例えば国史学科に入学したなら、自分の専攻が中世史であっても、修士・博士課程を問わず、古代史から現代史の授業のほぼすべてに出席しなければ卒業単位が得られないはずです。さらにその後、英語(留学生の場合は韓国語など)と専門科目(上の全時代)の卒業試験にパスしなければ学位論文を提出することすらできません。学位論文の作成過程及び水準は、日本と同様に、人それぞれでしょう。
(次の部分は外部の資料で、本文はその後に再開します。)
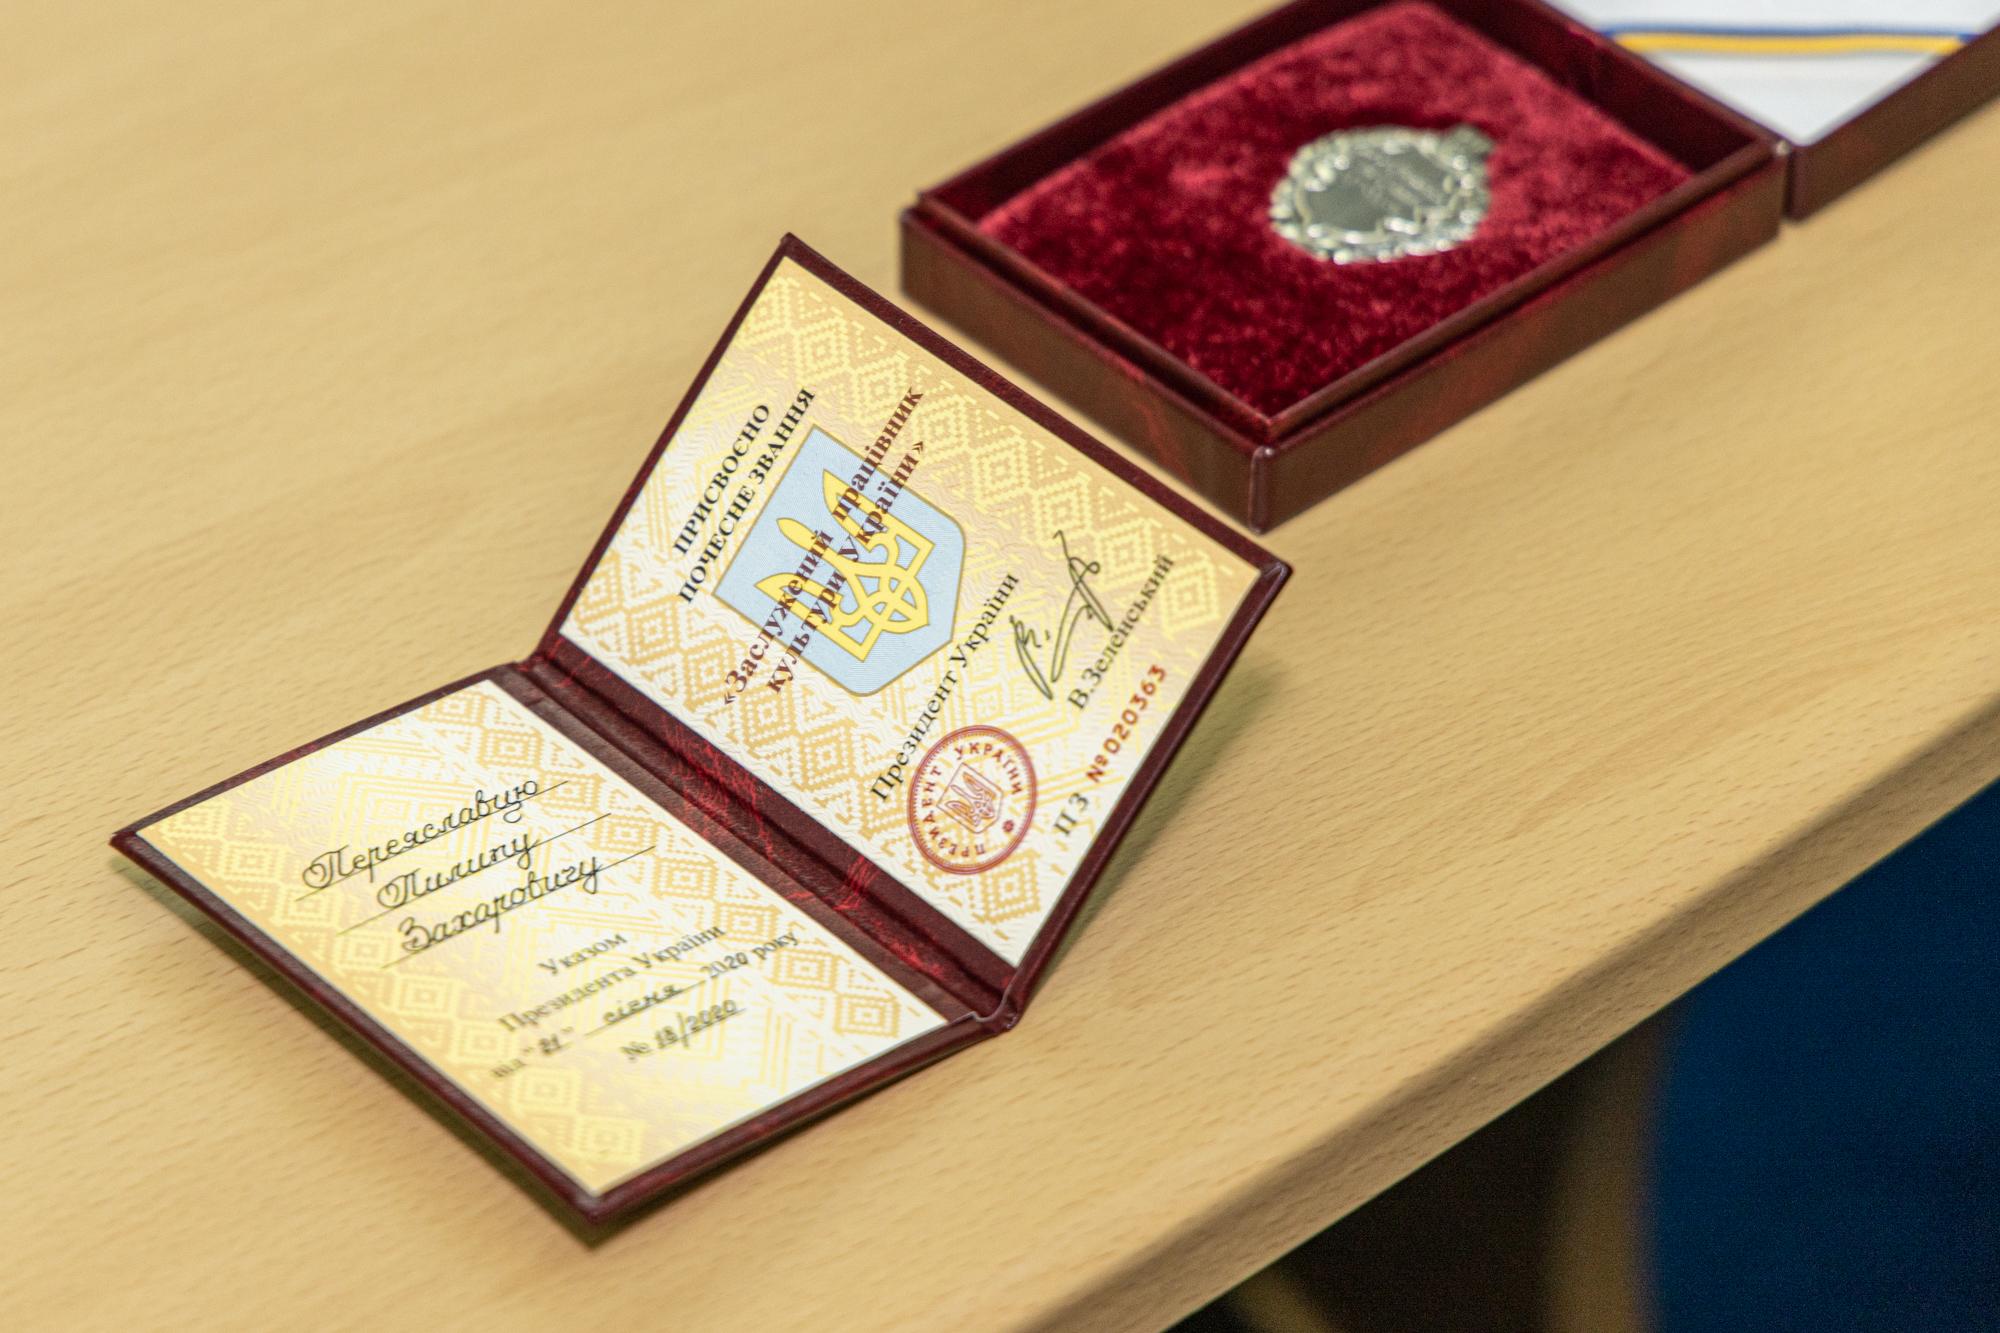 Серед нагороджених – й тренер Дніпропетровського вищого училища фізичної культури Олег Саліхов

そして韓国の大学院は日本と違い課題が多いため、とくに外国人は、自国語でも大変なのに外国語で書かれた専門書を、しかも自分の専門と関係ないものまでを毎日のように相手にせざるを得ないわけですから、膨大な時間と忍耐力が必要です。一緒に大学院に通った他の日本人の話を聞いても、大学院在学中は旅行する時間もなかったというのが大半のようです。ただ、そこで苦労して学んだことは、後々、大いに活かされるはずです。